Where the material below has a line containing "5v5 Box Fight", start repeating exactly, and keep going through the line containing "Orange Cami Dress", with no other lines.

# Available records
[Start of Attachment]

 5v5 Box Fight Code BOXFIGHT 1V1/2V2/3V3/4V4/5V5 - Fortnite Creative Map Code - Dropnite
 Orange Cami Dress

[End of Attachment]
[Start of Attachment]

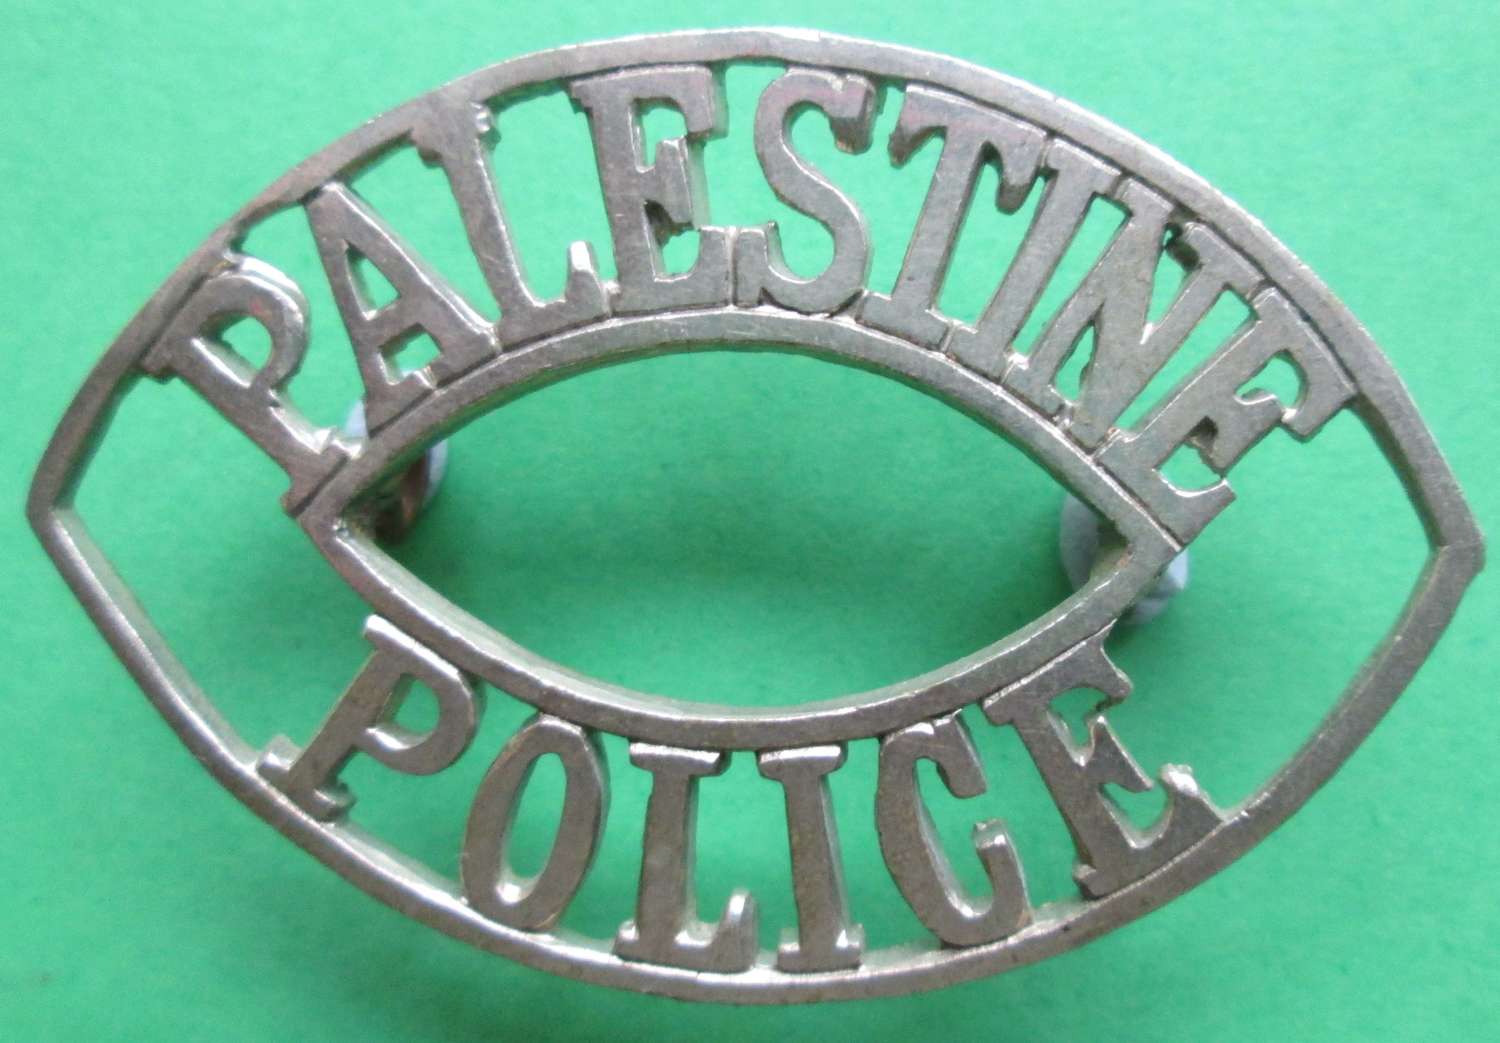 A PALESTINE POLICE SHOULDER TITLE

[End of Attachment]
[Start of Attachment]

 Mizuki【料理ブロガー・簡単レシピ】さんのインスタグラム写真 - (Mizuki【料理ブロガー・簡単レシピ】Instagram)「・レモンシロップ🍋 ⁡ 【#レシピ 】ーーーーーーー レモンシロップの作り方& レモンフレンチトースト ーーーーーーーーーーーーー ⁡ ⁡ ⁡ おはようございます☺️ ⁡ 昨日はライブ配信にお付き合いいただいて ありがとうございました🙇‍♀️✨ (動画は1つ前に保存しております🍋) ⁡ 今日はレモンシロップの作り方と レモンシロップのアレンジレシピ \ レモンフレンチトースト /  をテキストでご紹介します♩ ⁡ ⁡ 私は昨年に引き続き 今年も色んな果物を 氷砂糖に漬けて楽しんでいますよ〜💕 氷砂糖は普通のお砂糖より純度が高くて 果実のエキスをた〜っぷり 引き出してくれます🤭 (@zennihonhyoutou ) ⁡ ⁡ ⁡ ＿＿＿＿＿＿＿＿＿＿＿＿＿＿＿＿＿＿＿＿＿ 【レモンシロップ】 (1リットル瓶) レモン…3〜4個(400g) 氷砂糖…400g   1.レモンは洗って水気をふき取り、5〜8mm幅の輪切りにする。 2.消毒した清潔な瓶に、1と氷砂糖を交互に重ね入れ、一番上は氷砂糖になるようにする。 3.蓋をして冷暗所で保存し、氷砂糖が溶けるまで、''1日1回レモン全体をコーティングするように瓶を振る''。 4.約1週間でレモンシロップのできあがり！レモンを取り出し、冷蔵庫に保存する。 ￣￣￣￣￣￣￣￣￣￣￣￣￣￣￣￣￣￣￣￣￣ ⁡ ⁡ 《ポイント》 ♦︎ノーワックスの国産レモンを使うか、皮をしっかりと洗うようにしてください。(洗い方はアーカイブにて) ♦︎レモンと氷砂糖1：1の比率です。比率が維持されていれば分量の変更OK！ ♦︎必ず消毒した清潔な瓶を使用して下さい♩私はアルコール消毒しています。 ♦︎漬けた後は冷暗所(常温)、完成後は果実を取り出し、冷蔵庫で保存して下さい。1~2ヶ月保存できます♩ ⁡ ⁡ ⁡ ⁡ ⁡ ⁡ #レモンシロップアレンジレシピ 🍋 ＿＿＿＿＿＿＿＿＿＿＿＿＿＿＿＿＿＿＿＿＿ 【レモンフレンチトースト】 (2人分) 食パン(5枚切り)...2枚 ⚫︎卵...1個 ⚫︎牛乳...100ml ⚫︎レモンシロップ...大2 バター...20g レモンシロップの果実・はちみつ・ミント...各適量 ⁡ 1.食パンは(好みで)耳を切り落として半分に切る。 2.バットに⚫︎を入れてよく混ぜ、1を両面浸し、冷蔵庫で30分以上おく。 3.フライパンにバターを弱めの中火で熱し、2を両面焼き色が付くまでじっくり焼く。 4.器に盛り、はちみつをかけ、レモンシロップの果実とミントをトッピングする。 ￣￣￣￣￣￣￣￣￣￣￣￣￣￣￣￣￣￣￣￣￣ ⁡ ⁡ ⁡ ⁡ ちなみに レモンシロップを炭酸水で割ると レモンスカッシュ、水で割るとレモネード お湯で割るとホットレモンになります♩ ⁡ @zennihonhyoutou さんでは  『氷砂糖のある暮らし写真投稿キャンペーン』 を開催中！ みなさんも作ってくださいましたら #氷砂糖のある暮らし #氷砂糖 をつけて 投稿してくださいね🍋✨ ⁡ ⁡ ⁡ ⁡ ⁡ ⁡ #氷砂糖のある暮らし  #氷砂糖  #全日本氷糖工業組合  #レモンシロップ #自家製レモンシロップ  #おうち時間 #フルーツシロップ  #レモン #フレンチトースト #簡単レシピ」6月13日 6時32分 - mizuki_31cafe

[End of Attachment]

# Worked solution
 5v5 Box Fight Code BOXFIGHT 1V1/2V2/3V3/4V4/5V5 - Fortnite Creative Map Code - Dropnite
 Orange Cami Dress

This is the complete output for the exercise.